Female Anger As Forbidden: Excerpt from On Our Best Behavior by Elise Loehnen

Why is women's anger threatening? Author & former Goop exec unpacks the patriarchy

Wile Un-Anger Tincture Female Anger from On Our Best Behavior by Elise Loehnen

Amazing book alert! Author Elise Loehnen's On Our Best Behavior: The Seven Deadly Sins & The Price Women Pay for Being Good is a smart, personal, can't-put-it-down exploration of "the ancient rules women unwittingly follow in order to be considered 'good,' showing how this patriarchal dogma shapes women's lives while showing us another path through.

These two excerpts from Wrath were particularly interesting to us. Wile Un-Anger tincture is only product we know of that addresses this squelched human expression in women. Like Loehnen, we see anger as a useful emotional that can help us activate change and signal a need for boundaries and care.

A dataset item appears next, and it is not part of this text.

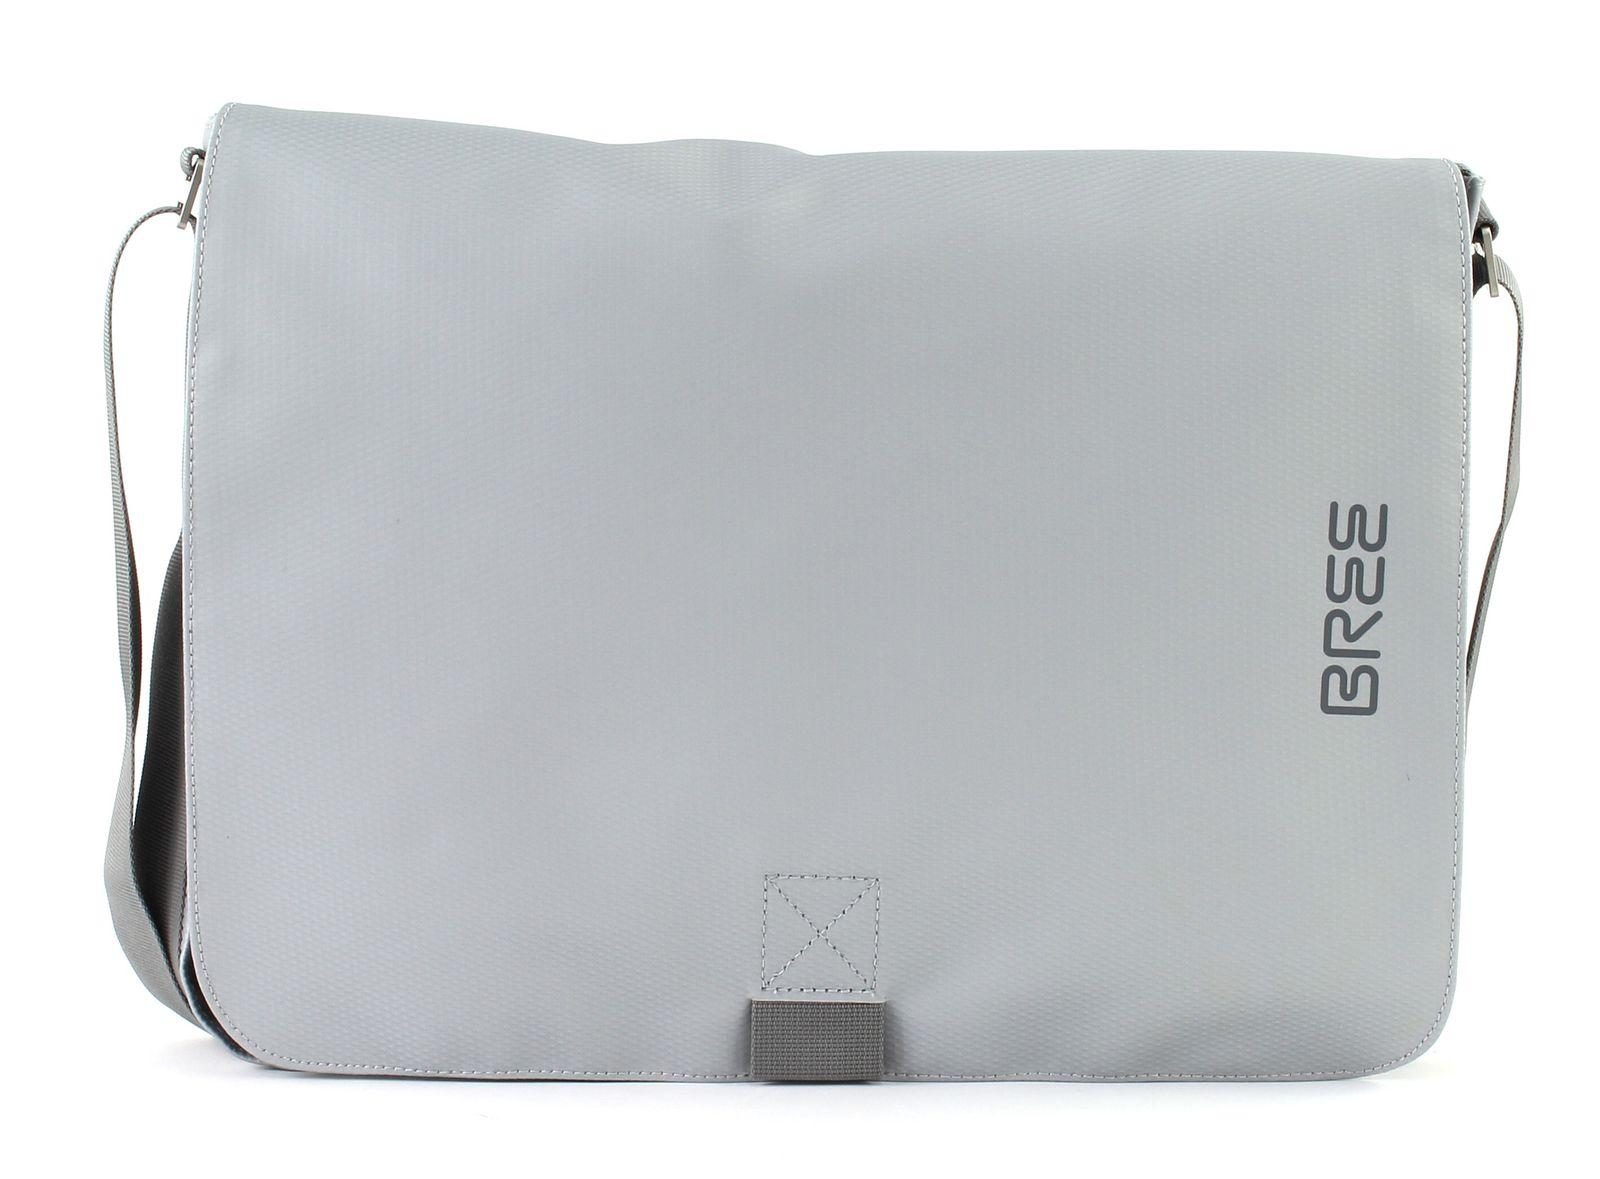 latest discount hot sale hot sale online Details zu BREE Punch 49 Messenger Bag Umhängetasche Laptoptasche Tasche  Chrome Silber
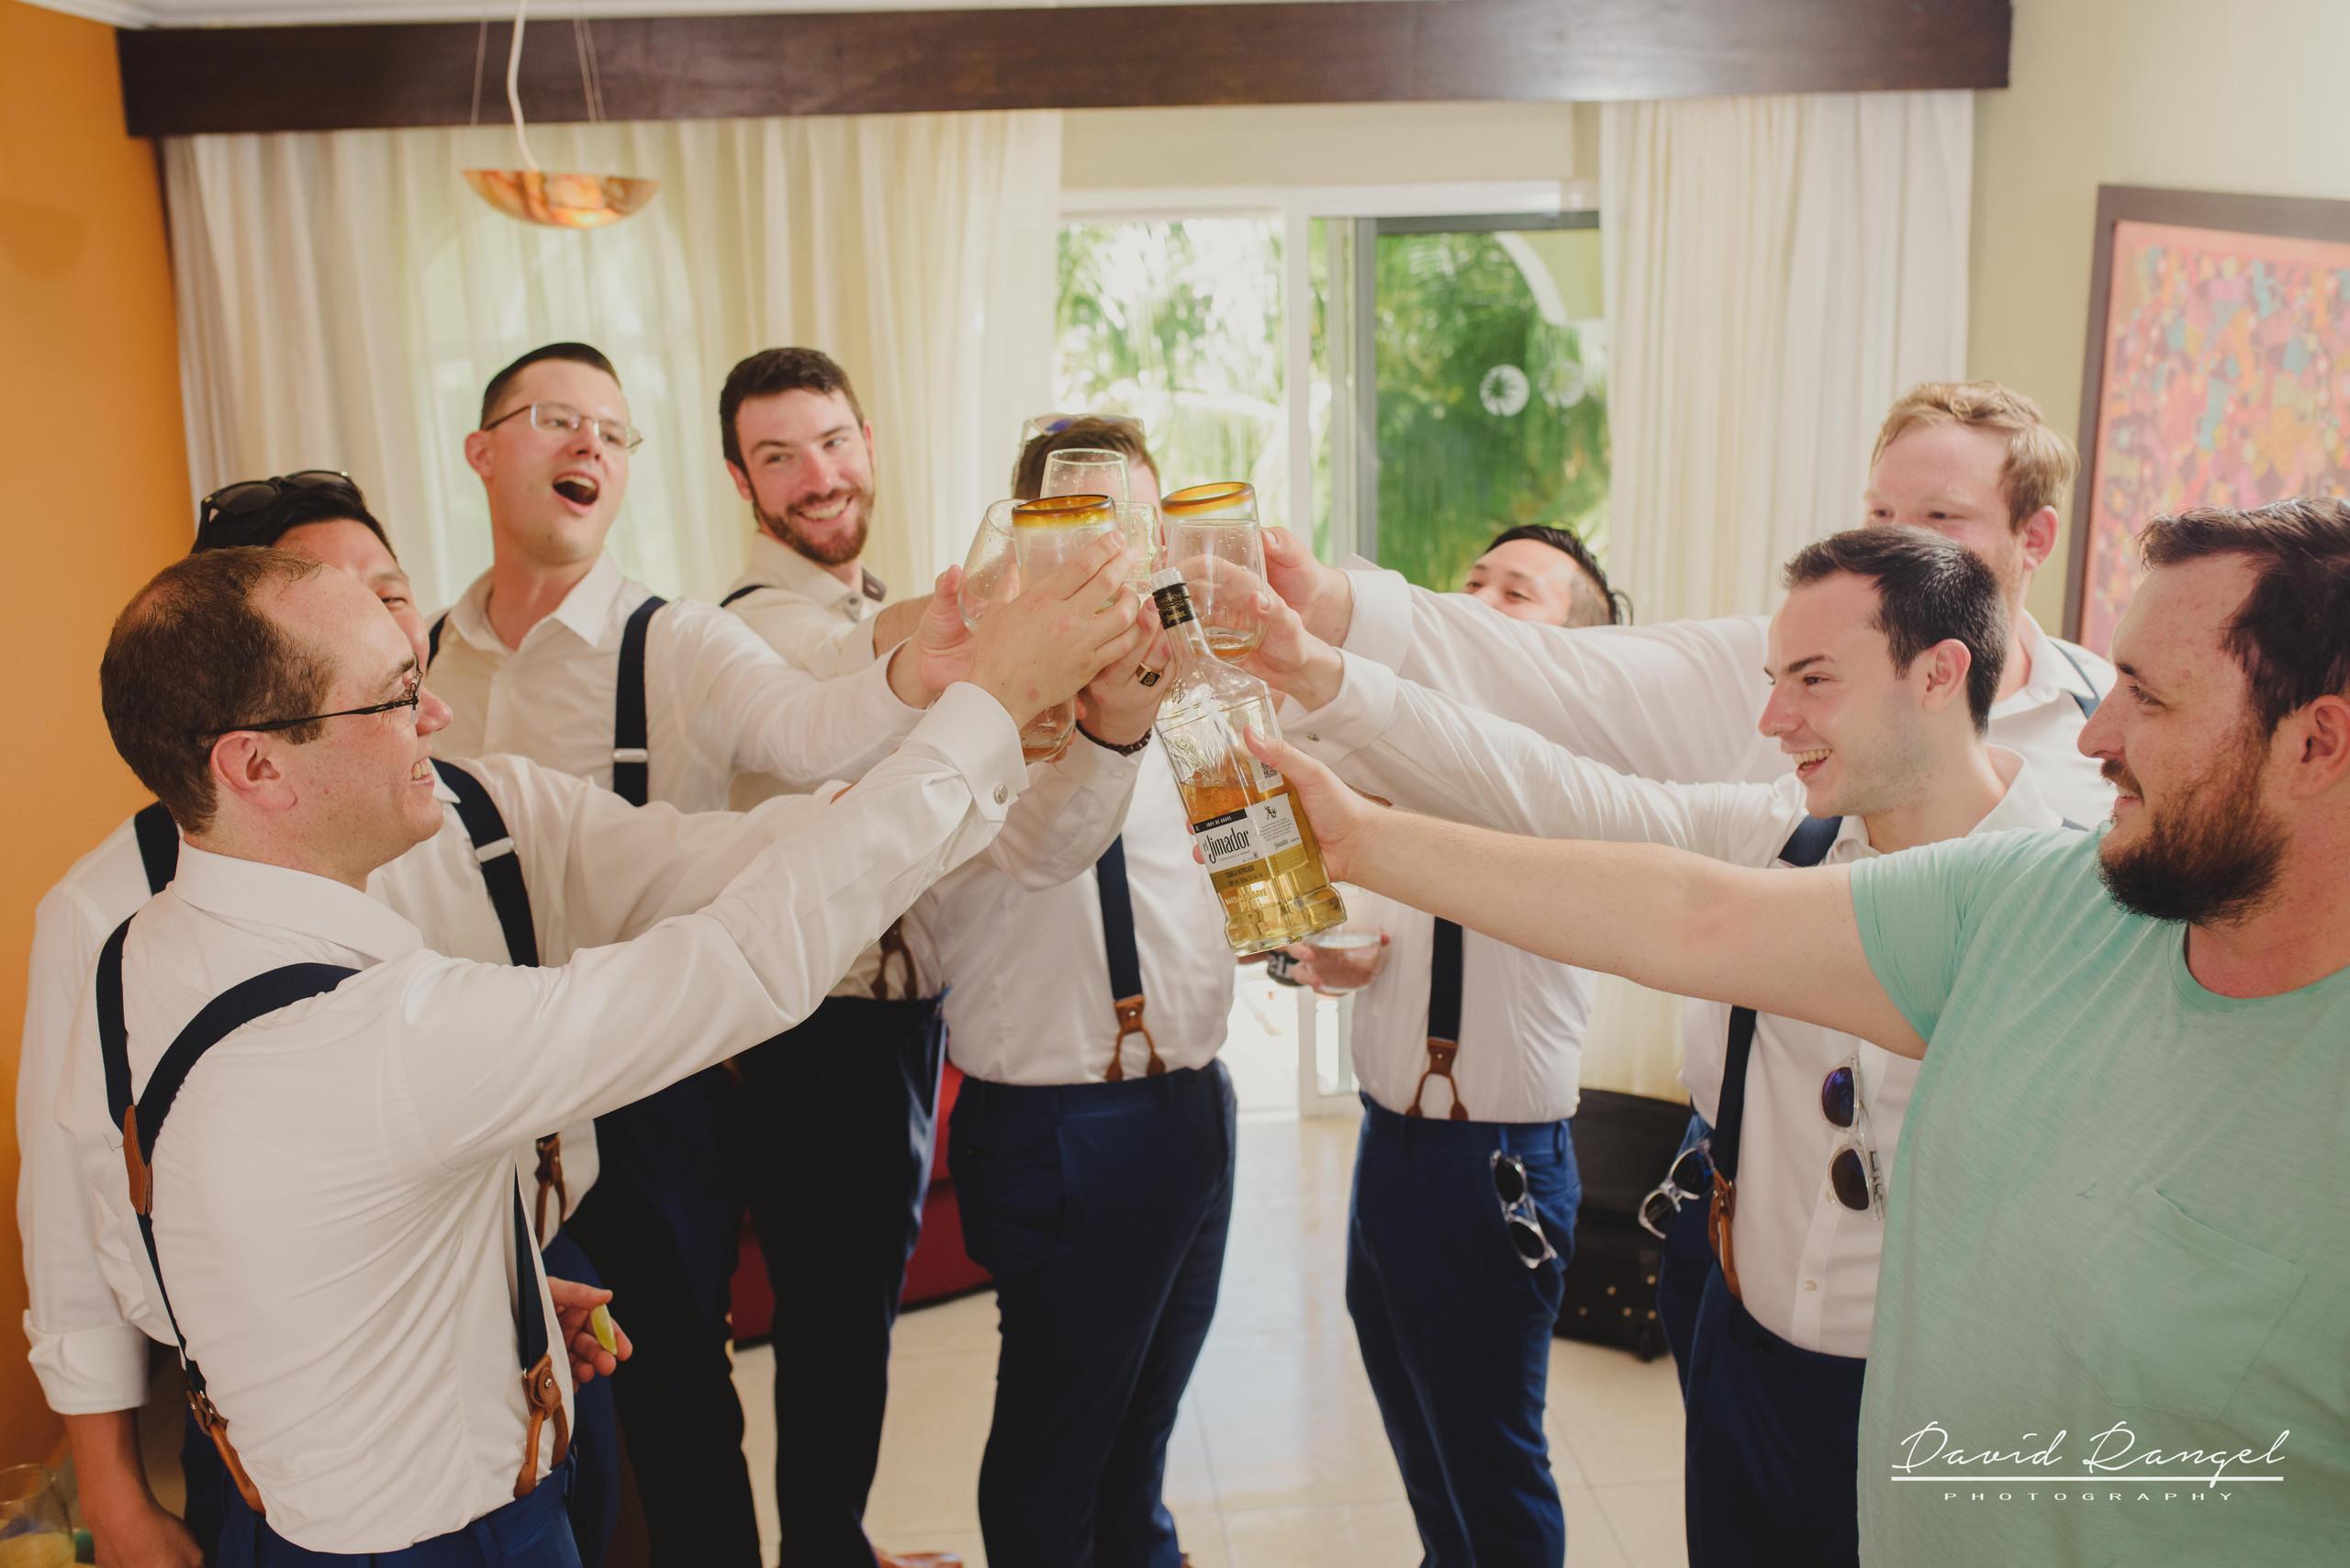 groom+groomsmens+getting+ready+room+photo+suit+crew+celebration

OUR UNEXPRESSED NEEDS AND INTERNALIZED PROTEST

Censure for appearing visibly angry has deep roots: There is no realm, private or public, where women and girls get to work with their anger. We’ve been trained to make other people comfortable. We’ve been directed toward passivity and its implied dependency and victimhood. We’ve been instructed to suppress our natural aggression, or we’ve been told we shouldn’t have any at all.
 
Because we cultivate no appropriate channels, this aggression finds its way out sideways. From childhood, we were not raised to acknowledge or understand our “bad” emotions. Nobody modeled proper exploration and expression or coached us in our feelings as we grew.
 
There are repercussions: We struggle to exist in discomfort without rushing to paper it over, to make everything OK. We are so eager for reassurance that we are worthy of love, that we are good. And for many of us, goodness has required obedience, compliance, softness, “femininity.”
 
We are taught that we are nurturers, limited to the domain of caring; we are taught that our first instinct when stressed is “tend and befriend,” rather than “fight or flight.”
 
It’s not possible to say whether our behavior is conditioned into us or truly “natu-
ral.” This training to focus on other people first is a heavy legacy,
implying that it is our mandate to put the emotional needs of
everyone else before our own, that prioritizing ourselves is a sign of
deviance. Good girls don’t fight, good girls don’t yell: We’re more
mature, more emotionally evolved.
 

I’m not buying it.

 History, and our own lived experience, certainly tells us that it’s more complicated—and that caring for others and meeting our own needs should not be mutually exclusive. This radical revision would simply require reciprocity—a subtle restructuring of both relationship expectations and society itself, where women’s care is no longer taken by men to be a patriarchal right or foregone conclusion…

 

METABOLIZING OUR ANGER—AND MOVING PAST AFFIRMATION

 Our resentment, frustration, and anger live in us. When our partners, our parents, our bosses, the system itself, refuse to absorb our wrath, to hear us, we don’t know where to put these bad feelings— and they must go somewhere. We shift into blaming and shaming. We become angry with ourselves and each other. And then, when we engage in the public sphere with our unrealized rage—the result of long-unmet needs and resentment—we get into trouble. We have to start at home, with ourselves—and this is difficult. Weathering conflict and confrontation in the private sphere is scary, as Harriet Lerner confirms, because it might be the first time we’ve asserted needs and established boundaries when we’ve always been told that doing so is selfish.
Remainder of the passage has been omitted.